ACCRA, Ghana — Through an open window, the familiar voice came.
From a blaring television at an auto parts store next door, President Barack Obama’s recent speech to Ghana’s Parliament drifted into the Nsawam Road Church of Christ auditorium.
“America will be with you every step of the way, as a partner, as a friend,” the nation’s first black president said.
In his first visit to sub-Saharan Africa since taking office, Obama promised U.S. support to help Africa build a better political and economic future.
At that exact moment, several hundred Christians were gathered inside the Nsawam Road church building to celebrate a different kind of partnership — one with eternal ramifications.
“As significant as Obama’s visit is … what we’re doing has a far more staggering impact for Africa because we’re dealing with souls,” said Deon Fair, a member of the Richardson East Church of Christ in Texas and a key figure in efforts to develop a Christian liberal arts university in this small coastal nation.
As Obama spoke that Saturday, the leaders of two Christian higher education institutions — one in West Africa, the other 6,500 miles away in West Texas — signed a memorandum of understanding.
The agreement formalizes a partnership that started in 2002 between Heritage Christian College and Abilene Christian University.
“What we did today was a product of a seed we sowed many years back,” said Samuel Twumasi-Ankrah, the Ghanaian preacher who shared his dream for starting Heritage Christian College while earning a master’s degree at ACU a decade ago.
Akosua Konadu Asamoah, who goes by “Olivia,” joined other Nsawam Road members in celebrating the partnership.
“For the Church of Christ in Ghana to have a university is brilliant, and I can’t wait to see what God has planned for the church through the establishment of this school,” said Asamoah, a human resources professional working on a master’s degree in business administration.
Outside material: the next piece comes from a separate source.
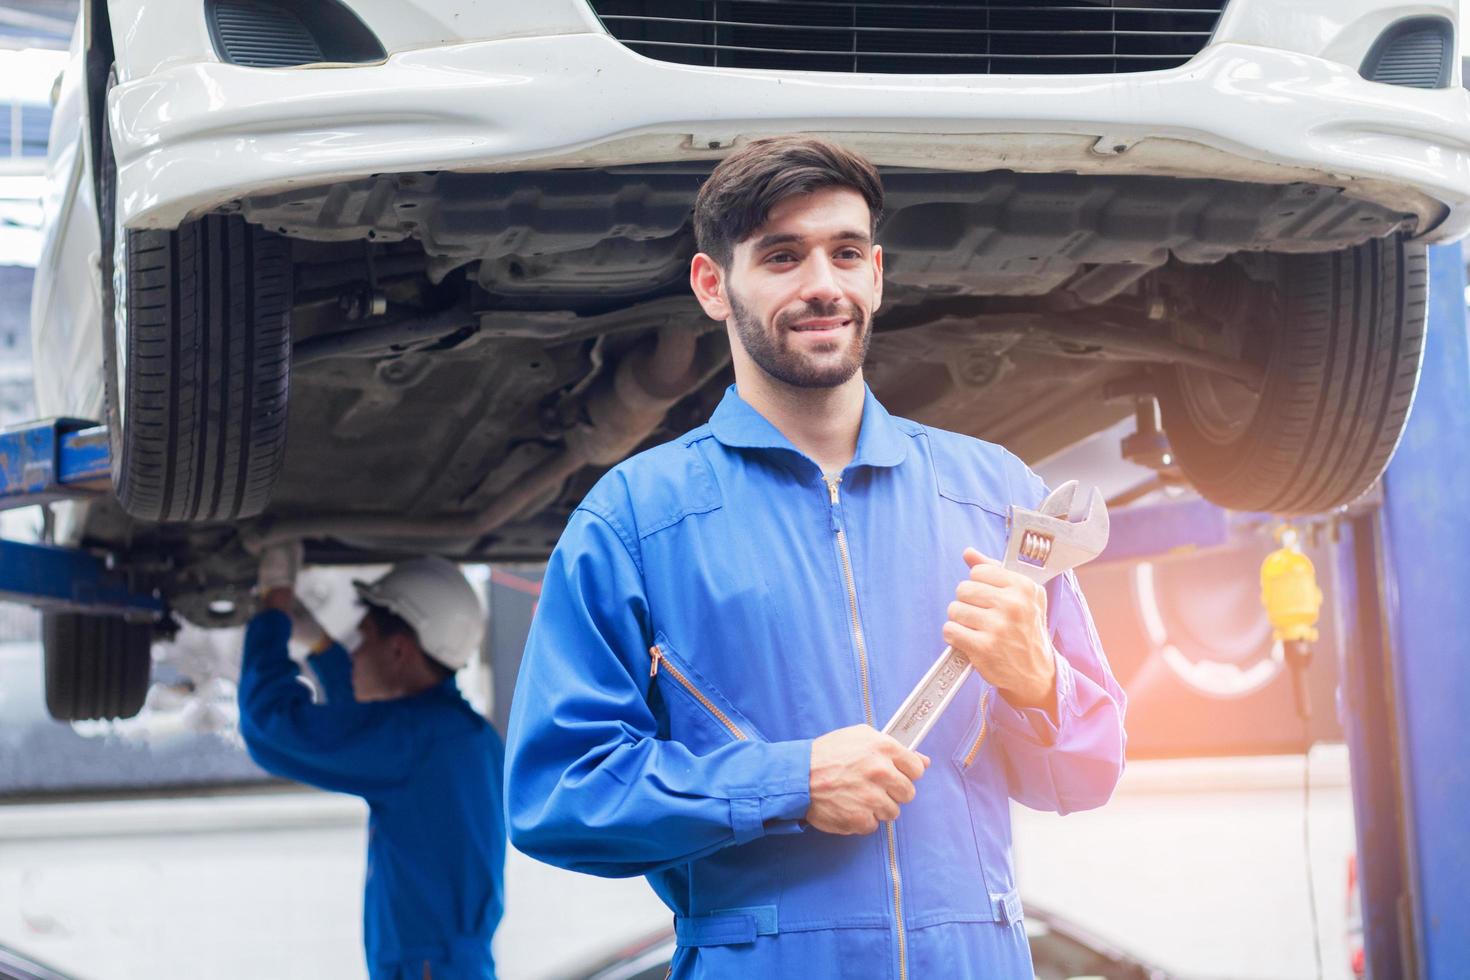 Technicians at car service center stand with tools and ready to provide professional services photo
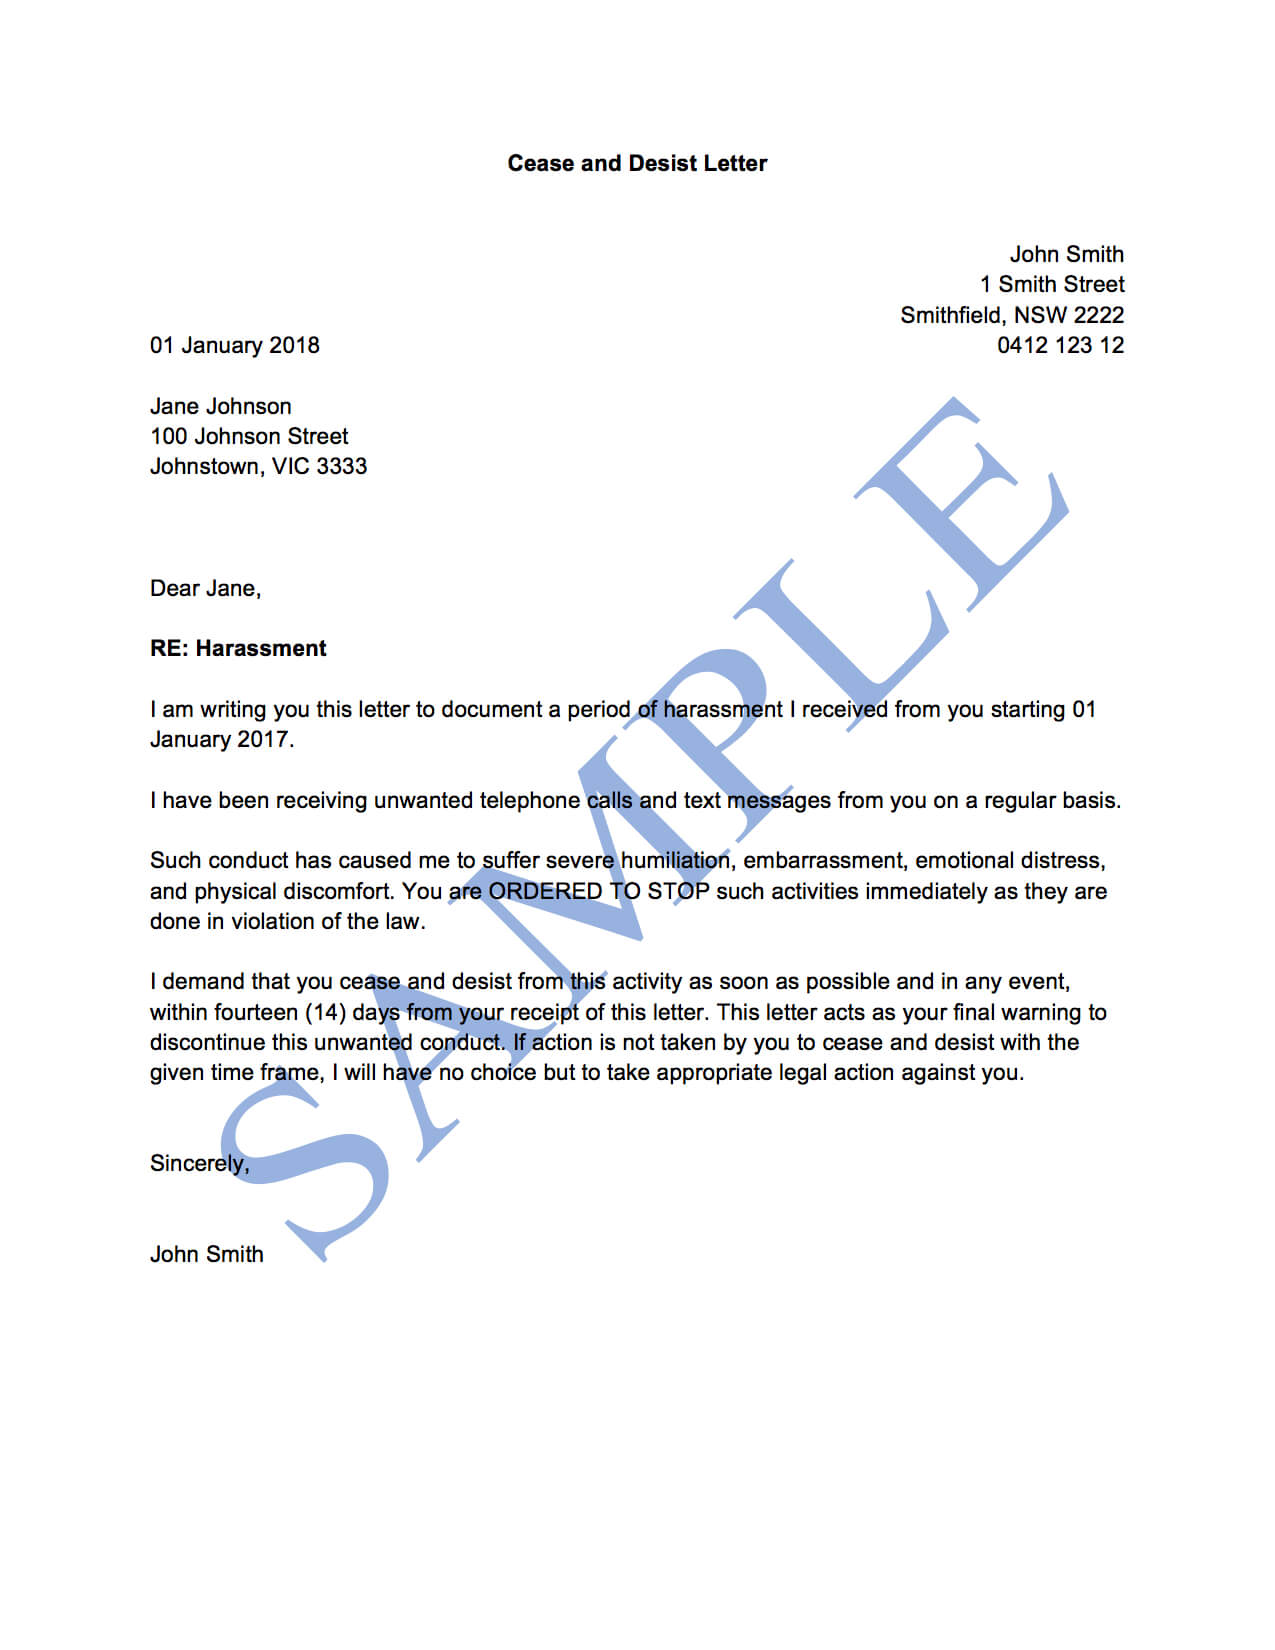 Cease And Desist (Harassment) – Free Template | Sample – Lawpath Inside Cease And Desist Letter Template Australia

A HIGHER EDUCATION FOR GHANA
The 1,200-member Nsawam Road church — the largest Church of Christ in Ghana — oversees Heritage Christian.
The church building sits beside a busy, six-lane highway at the center of this developing metropolis, where most commerce seems to occur at street corners as vendors peddle fruit, toilet paper and other items to motorists stalled in traffic.
In the past 20 years, the Nsawam Road church has:
• Planted about 40 congregations throughout Ghana.
• Sent missionaries to Muslim-dominated Mali as well as Benin, Equatorial Guinea, Gambia, Senegal and Togo.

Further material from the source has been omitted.